Please help evaluating this integral $$ \large\int_{0}^1 \sqrt{\frac{\ln{x}}{x^2-1}} dx$$ Mathematica could not evaluate it in a closed form. Numerically it is about $$I\approx1.060837861412045137097...,$$ ISC+ did not return any closed form for it.
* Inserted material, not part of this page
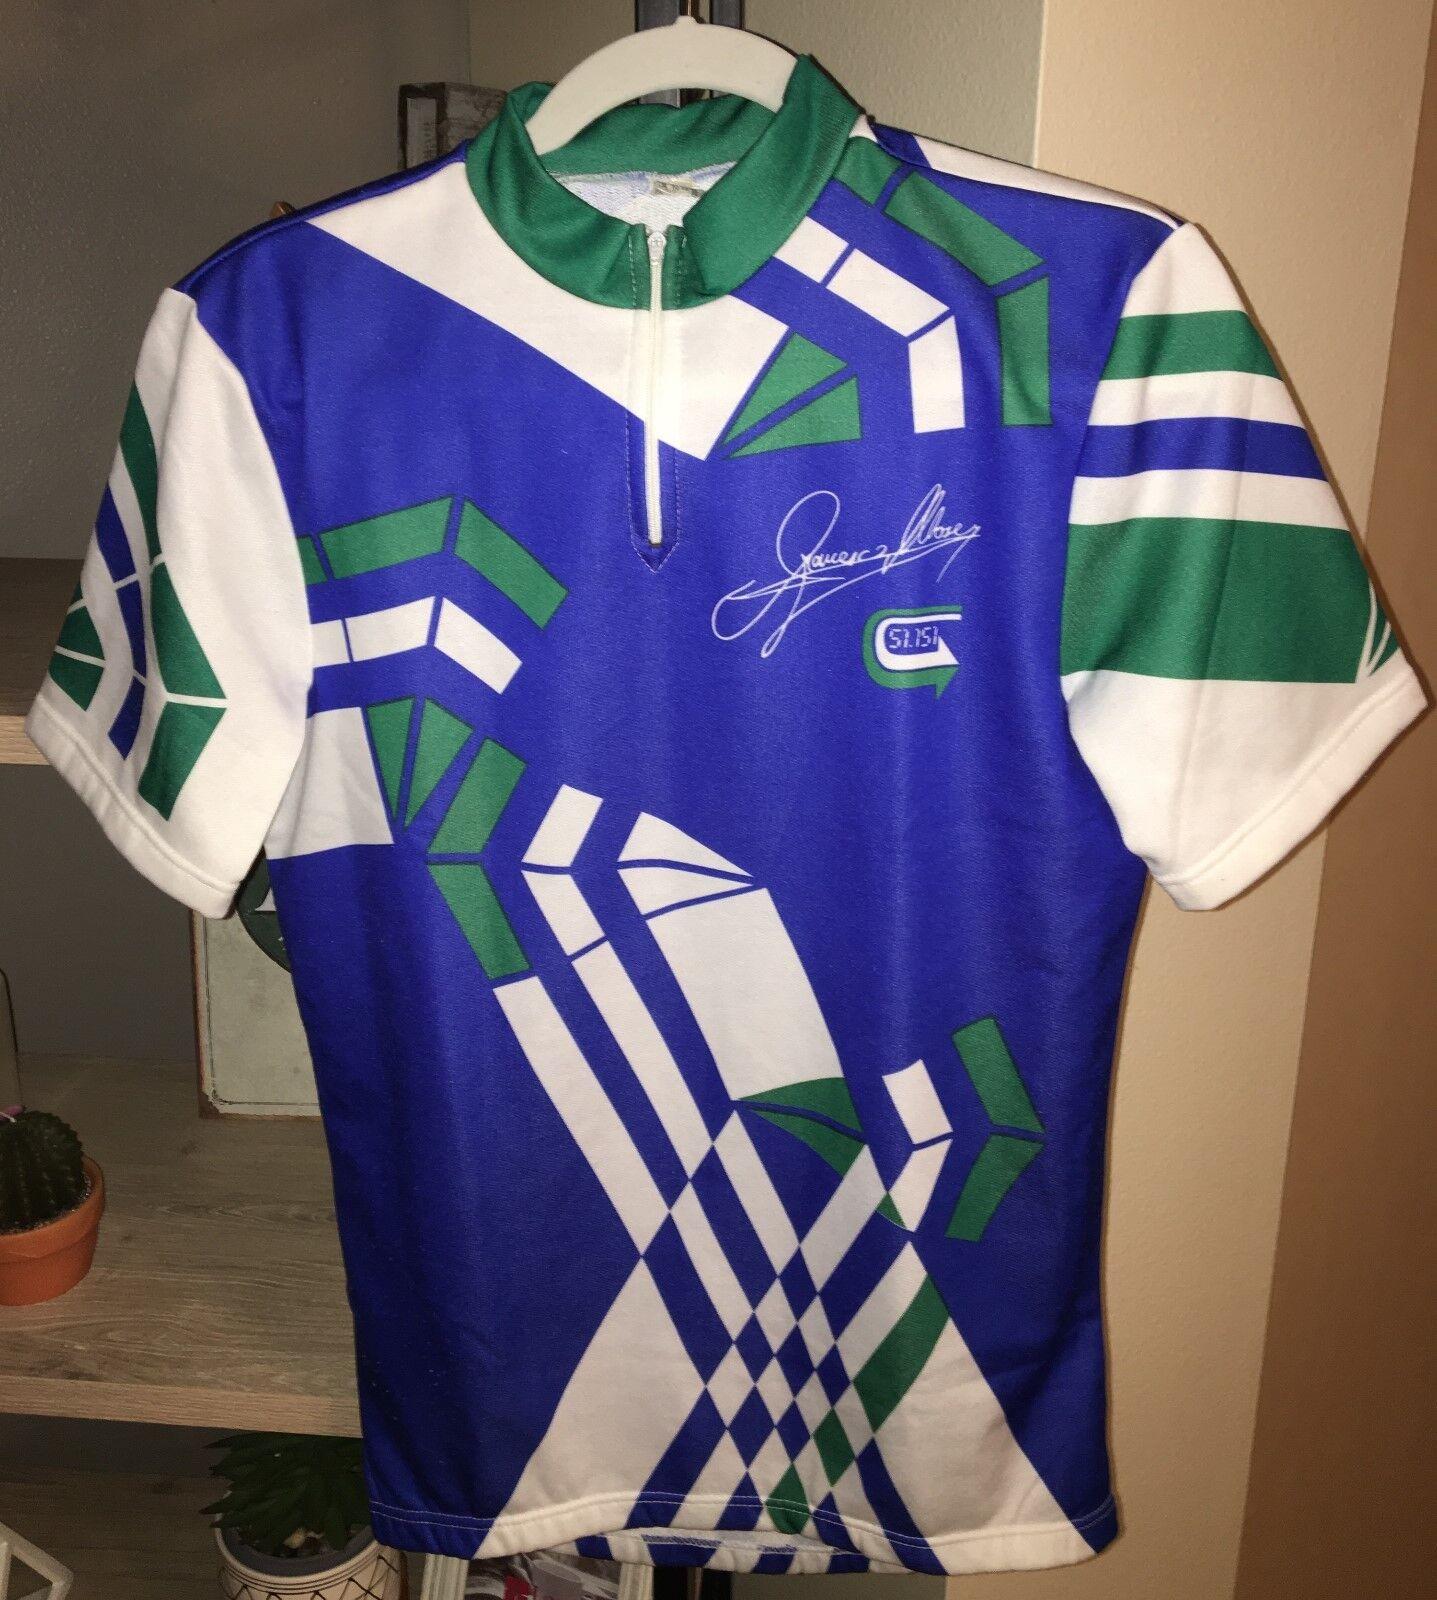 Francesco Moser 51.151 Vintage 80s Cycling Jersey Medium Large bluee Green

It is related to a previous post
On
The Lerch transcendent, initially defined by $$\Phi(z,s,a):=\sum_{k=0}^\infty\frac{z^k}{(a+k)^s}, \quad a>0,\Re s>1,|z|<1,$$ admits the following integral representation $$ \Phi(z,s,a)=\int_0^{\infty}\frac{x^{s-1}e^{-ax}}{1-ze^{-x}}{\rm d}x. $$ By differentiation $$ \partial_z^r\Phi(z,s,a)=(-1)^r\int_0^{\infty}\frac{x^{s-1}e^{-(a+r)x}}{(1-ze^{-x})^{r+1}}{\rm d}x, $$ then, by extension, your integral $I$ may be formally rewritten as
$$ I=\int_{0}^1 \sqrt{\frac{\ln{x}}{x^2-1}} dx=-i\sqrt{2\pi}\:\partial_z^{\! -\frac12}\Phi\left(1,\frac32,1\right) $$
This is to show the level of complexity of this integral: fractional calculus.
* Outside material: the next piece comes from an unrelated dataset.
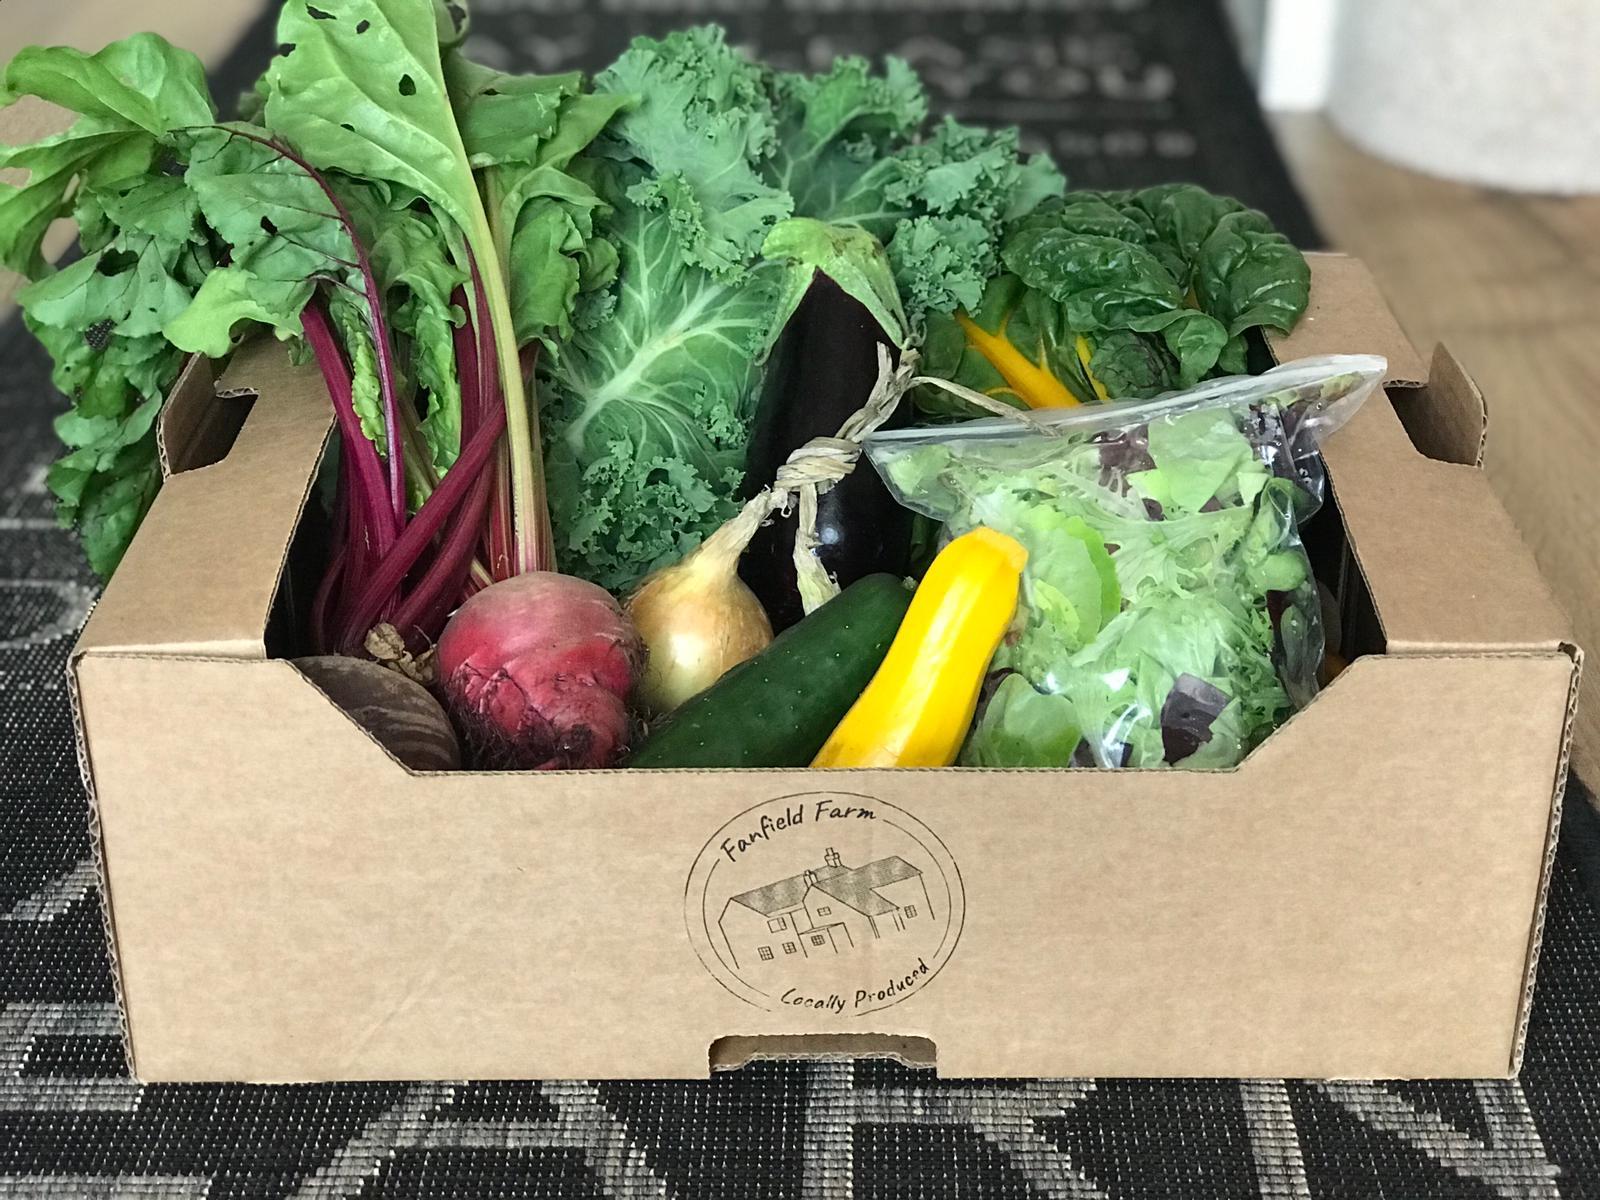 Fanfield Farm Veg Box 3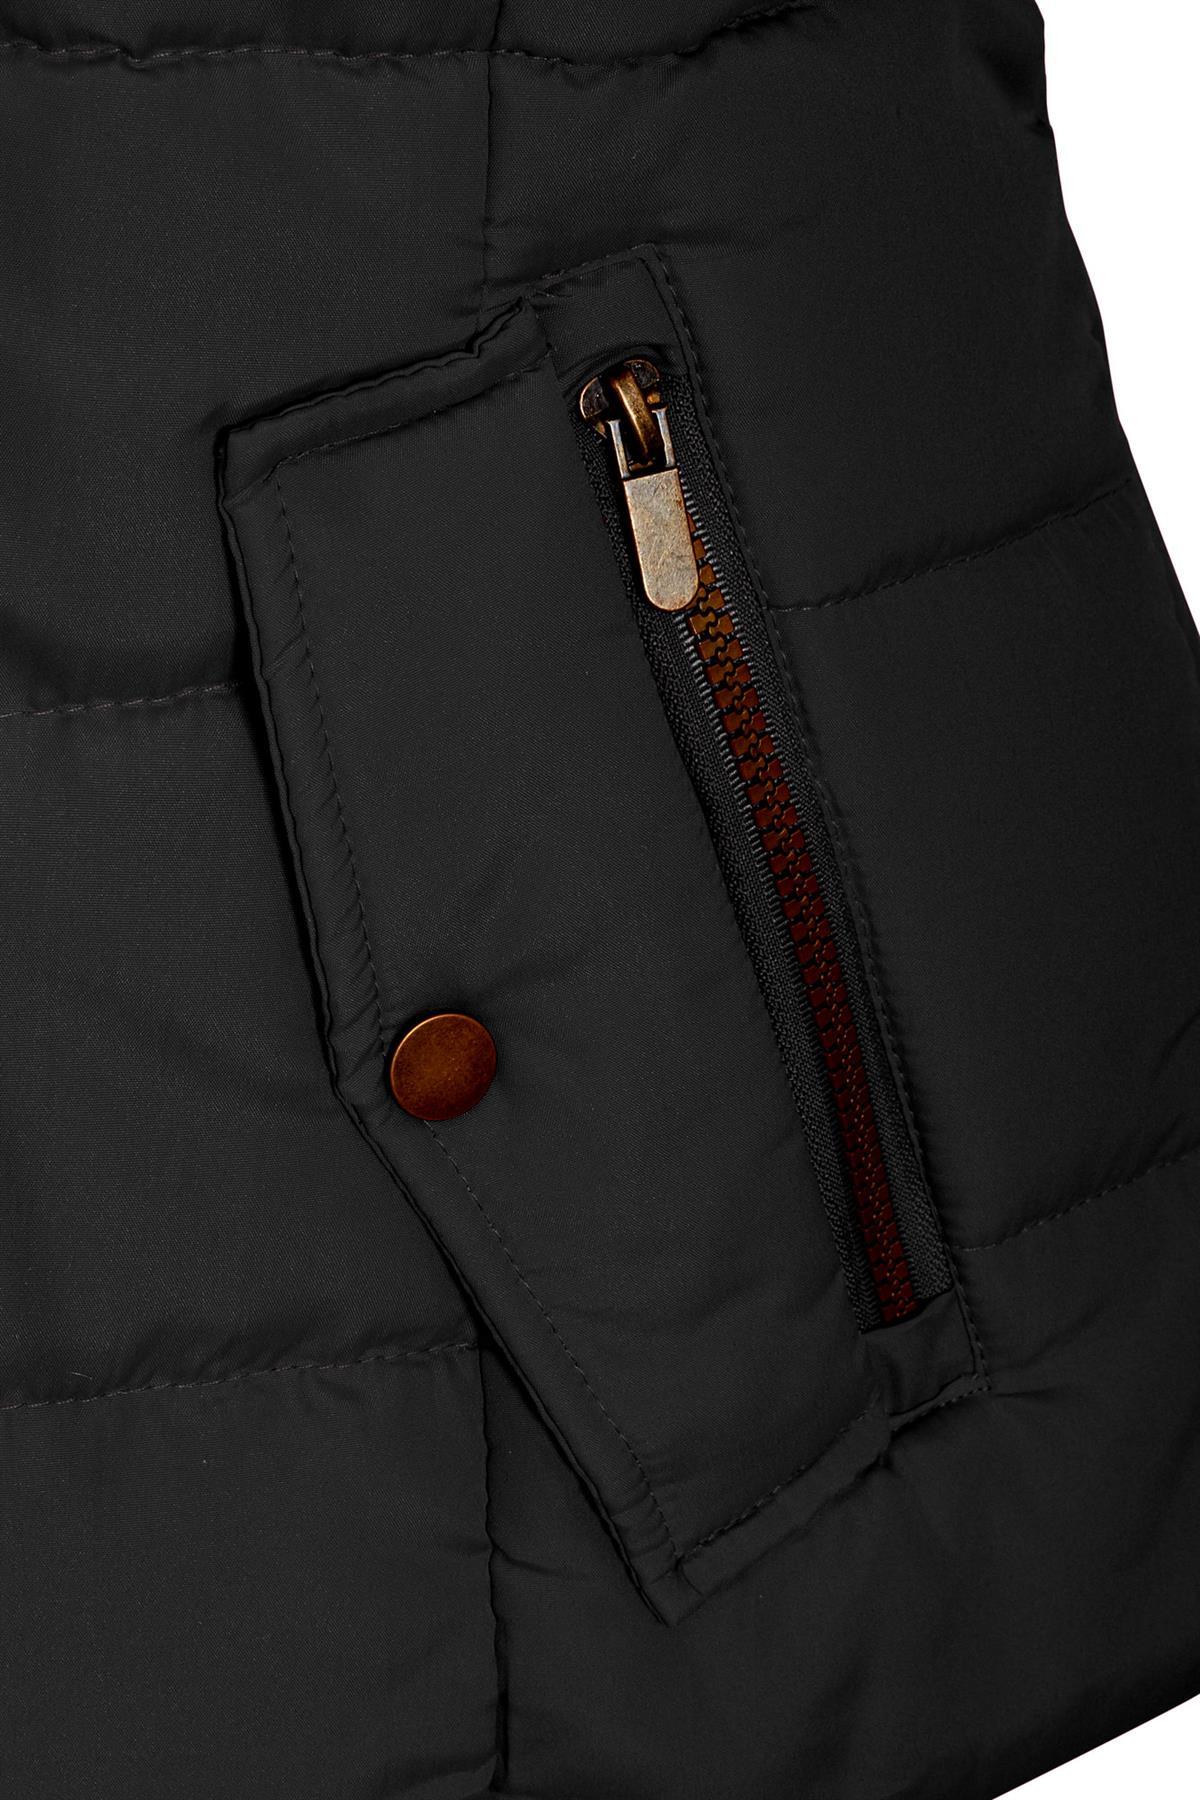 Shelikes-Ladies-Padded-Faux-Fur-Trim-Hood-Hooded-Jacket-Winter-Coat-Size-6-to-16 miniatuur 3

Let's make a variable change $x=e^{-t}$:
$$I=\int_0^{\infty}\frac{\sqrt{t}e^{-t}}{\sqrt{1-e^{-2t}}}dt$$
Now, let's expand the integrand into Taylor series:
$$\frac{1}{\sqrt{1-e^{-2t}}}=\sum_{n=0}^{\infty}\frac{(2n)!}{(2^nn!)^2}e^{-2nt}$$
Thus
$$I=\sum_{n=0}^{\infty}\frac{(2n)!}{(2^nn!)^2}\int_0^{\infty}\sqrt{t}e^{-(2n+1)t}dt=$$
$$=\frac{\sqrt{\pi}}{2}\sum_{n=0}^{\infty}\frac{(2n)!}{(2^nn!)^2}\frac{1}{(2n+1)^{\frac{3}{2}}}$$
Now, by hand, if we take only the three first terms of the sum we get $I=1.001...$
Not bad!